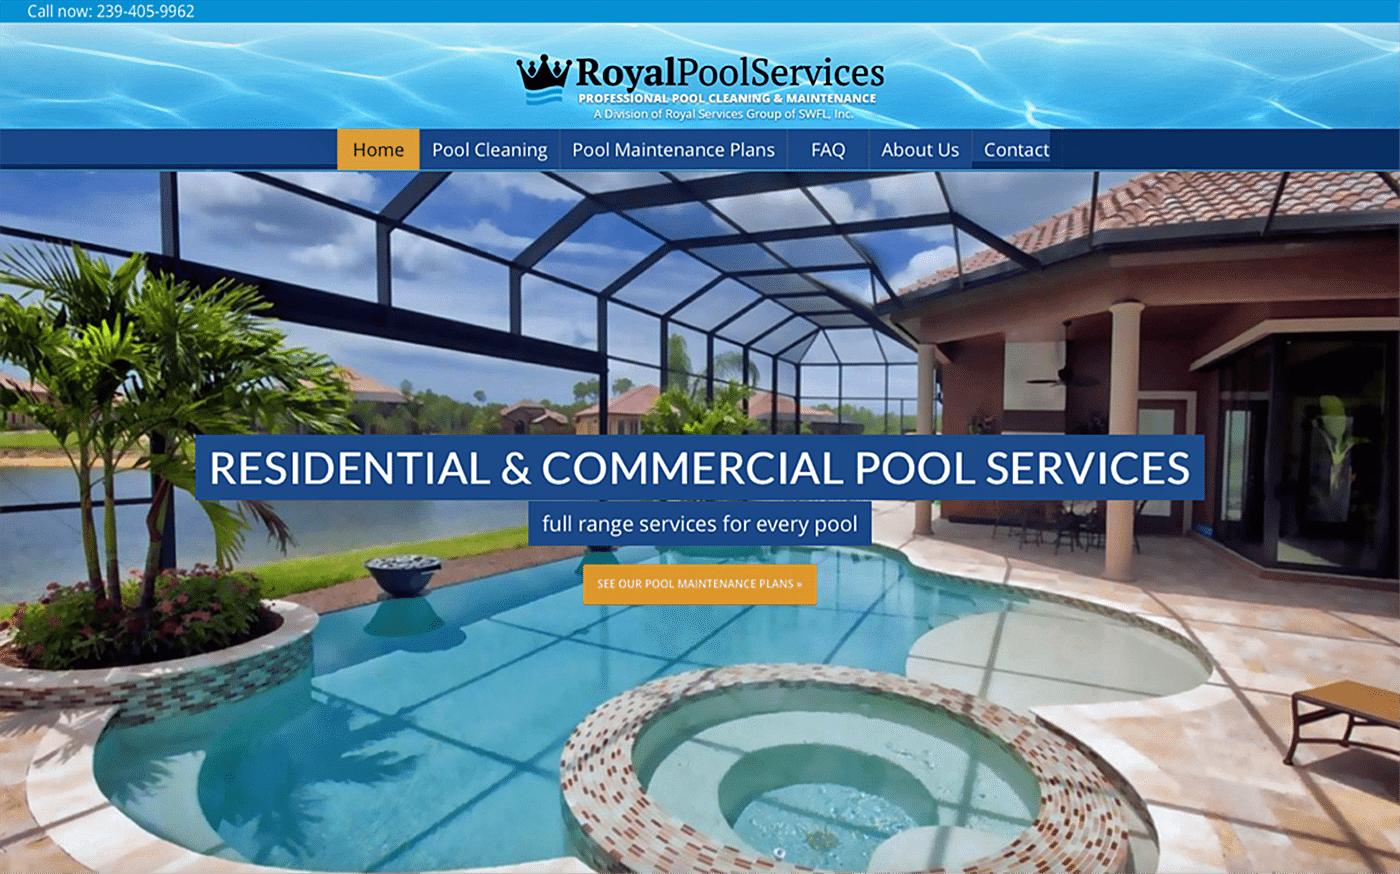 Contractor Marketing Agency - Contractor Marketing Campaign Creative: Pool
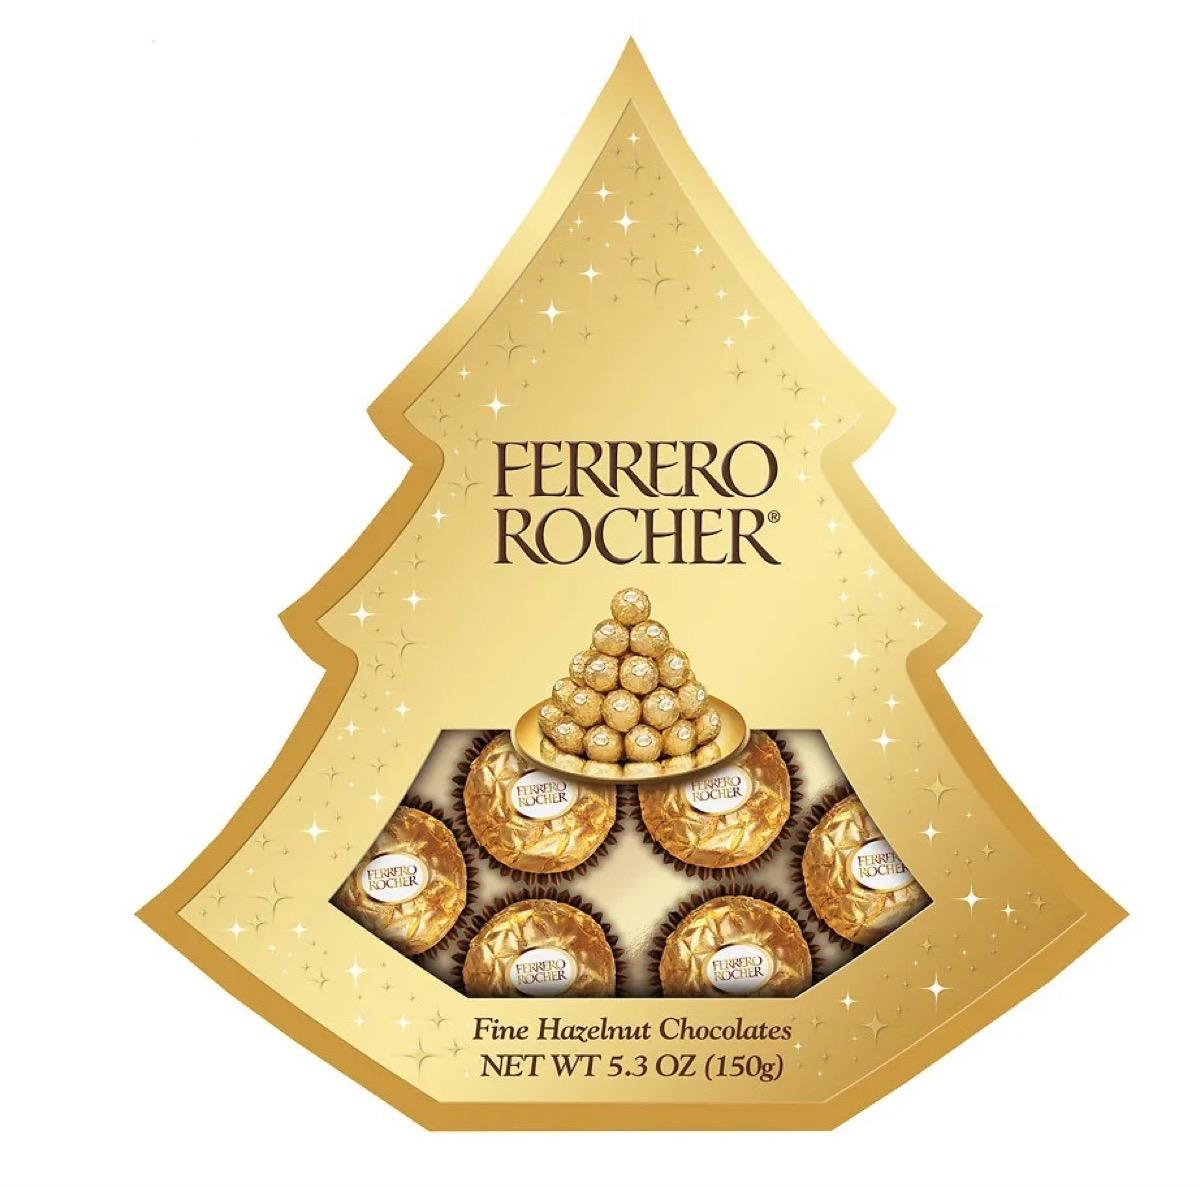 gold tree-shaped box of ferrero rocher chocolates
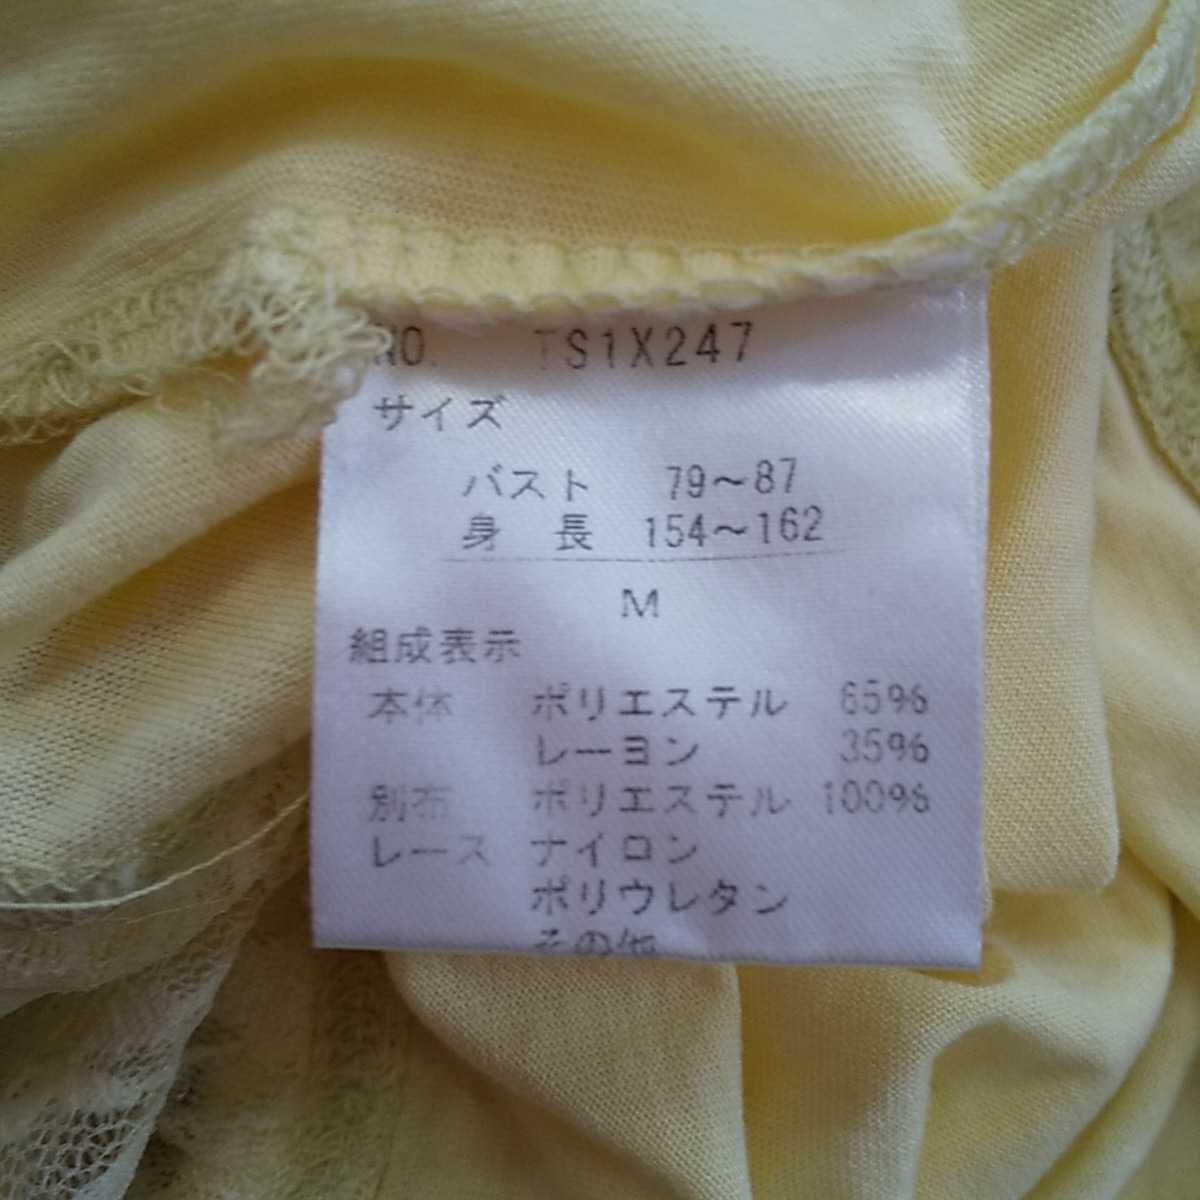 axes femme アクシーズファム淡いクリームイエローレモンビタミンカラー☆可愛いトップスキャミソールリボンMサイズ女性用タンクトップ夏
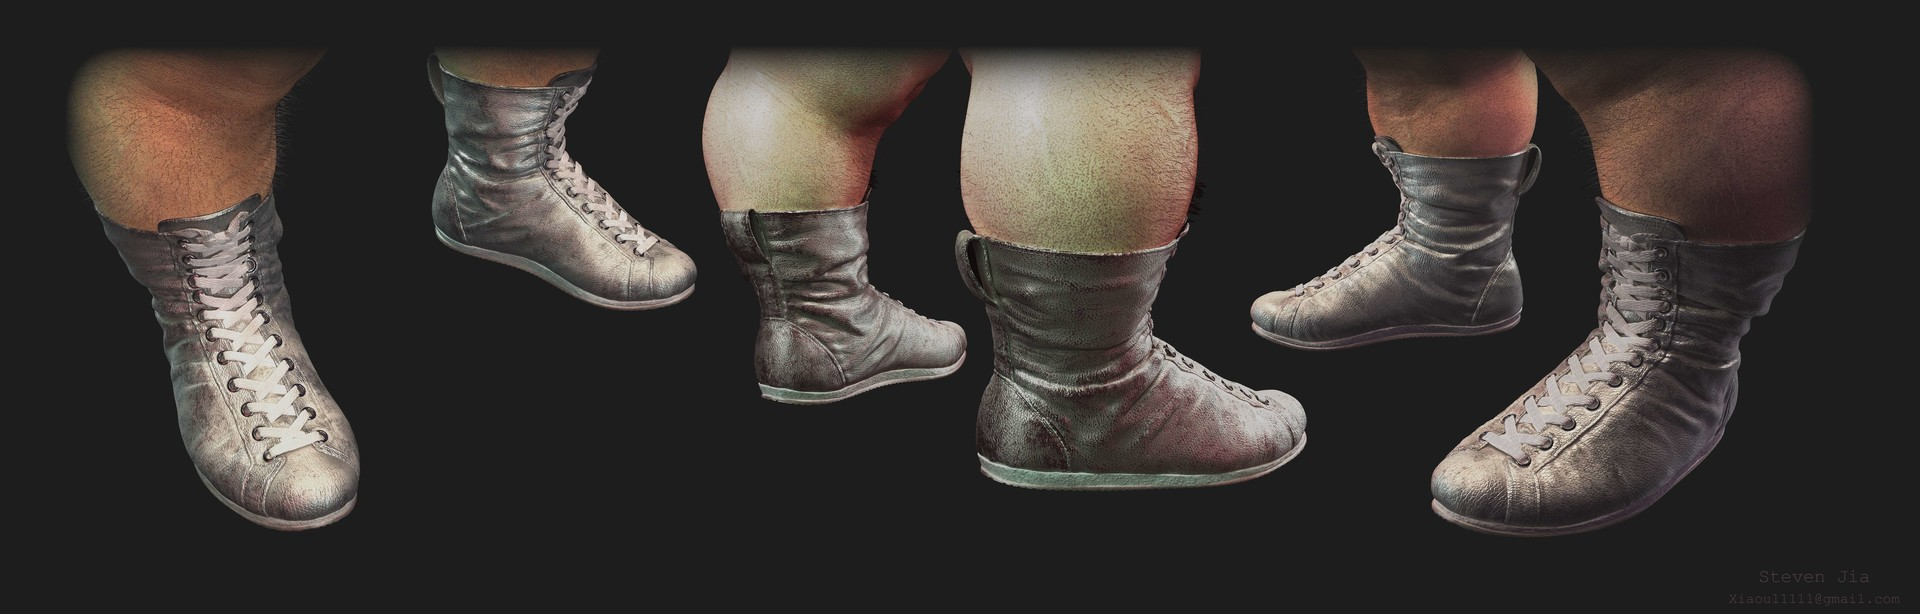 Steven jia shoes 2048
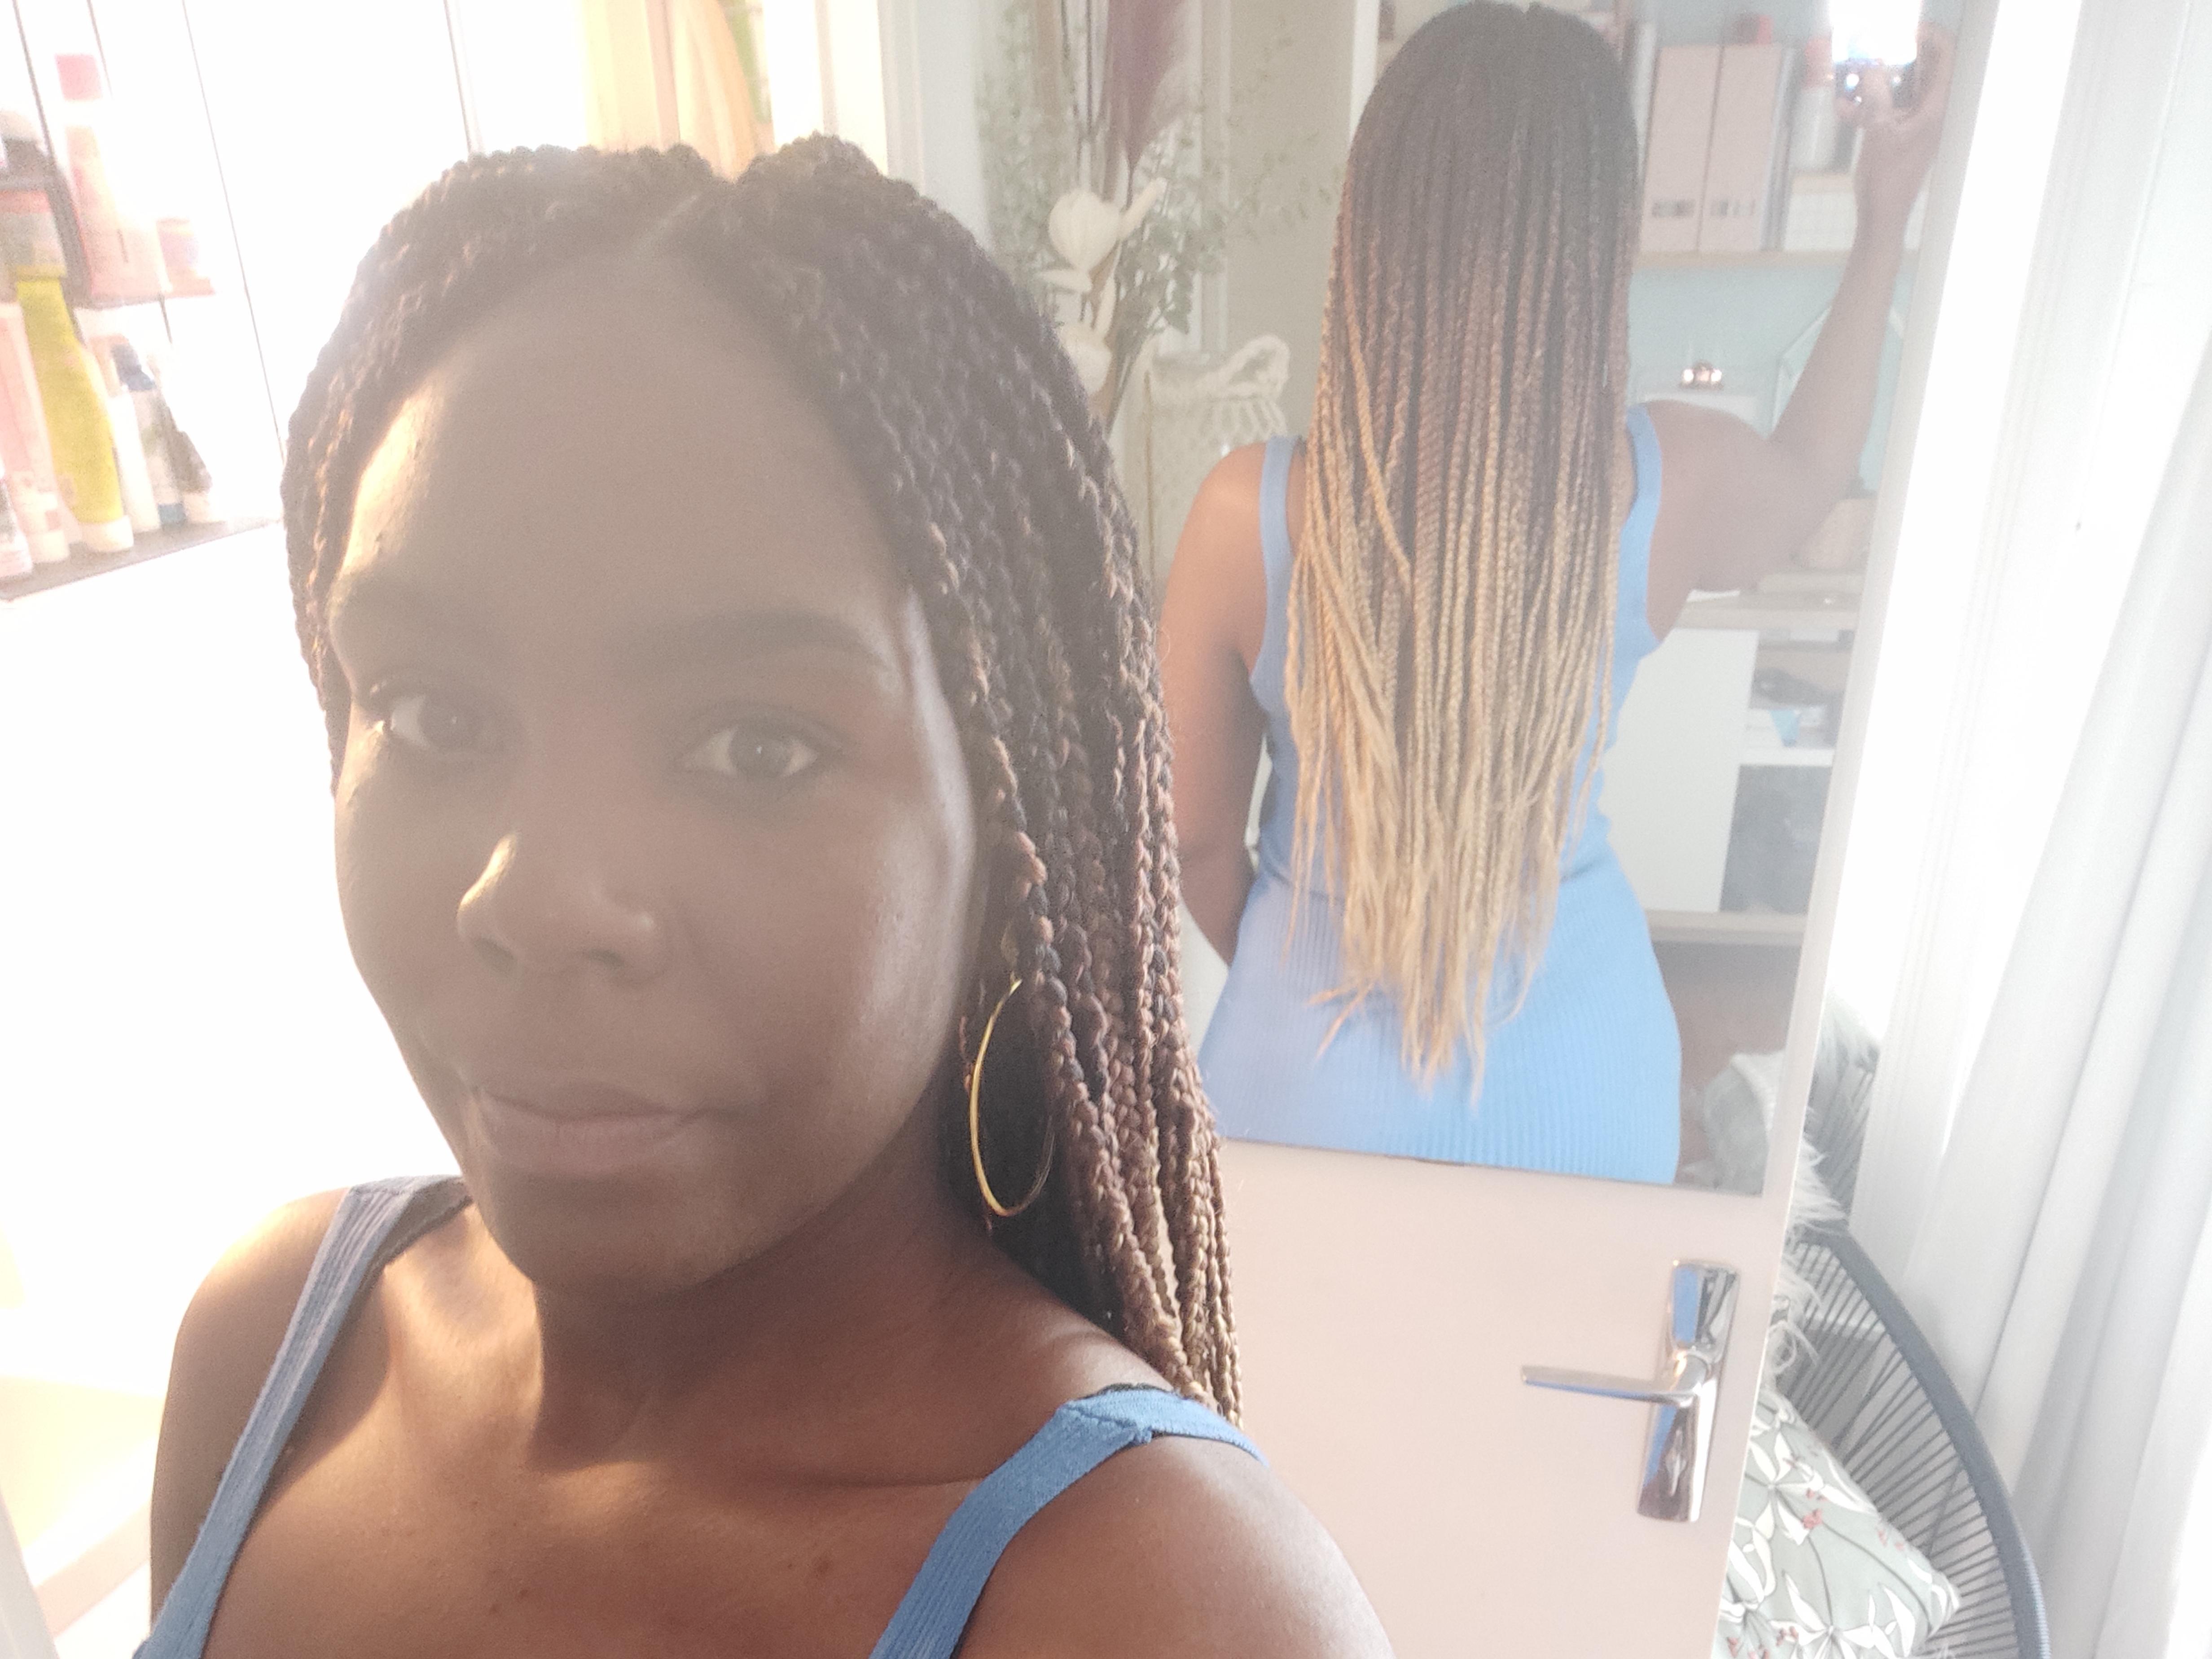 salon de coiffure afro tresse tresses box braids crochet braids vanilles tissages paris 75 77 78 91 92 93 94 95 MGBSKHDU

#### Exercise brief:
All records are to be reproduced exactly; the pictures are to be omitted.

#### Solution for this task:
 Contractor Marketing Agency - Contractor Marketing Campaign Creative: Pool
 gold tree-shaped box of ferrero rocher chocolates
 axes femme アクシーズファム淡いクリームイエローレモンビタミンカラー☆可愛いトップスキャミソールリボンMサイズ女性用タンクトップ夏
 Steven jia shoes 2048
 salon de coiffure afro tresse tresses box braids crochet braids vanilles tissages paris 75 77 78 91 92 93 94 95 MGBSKHDU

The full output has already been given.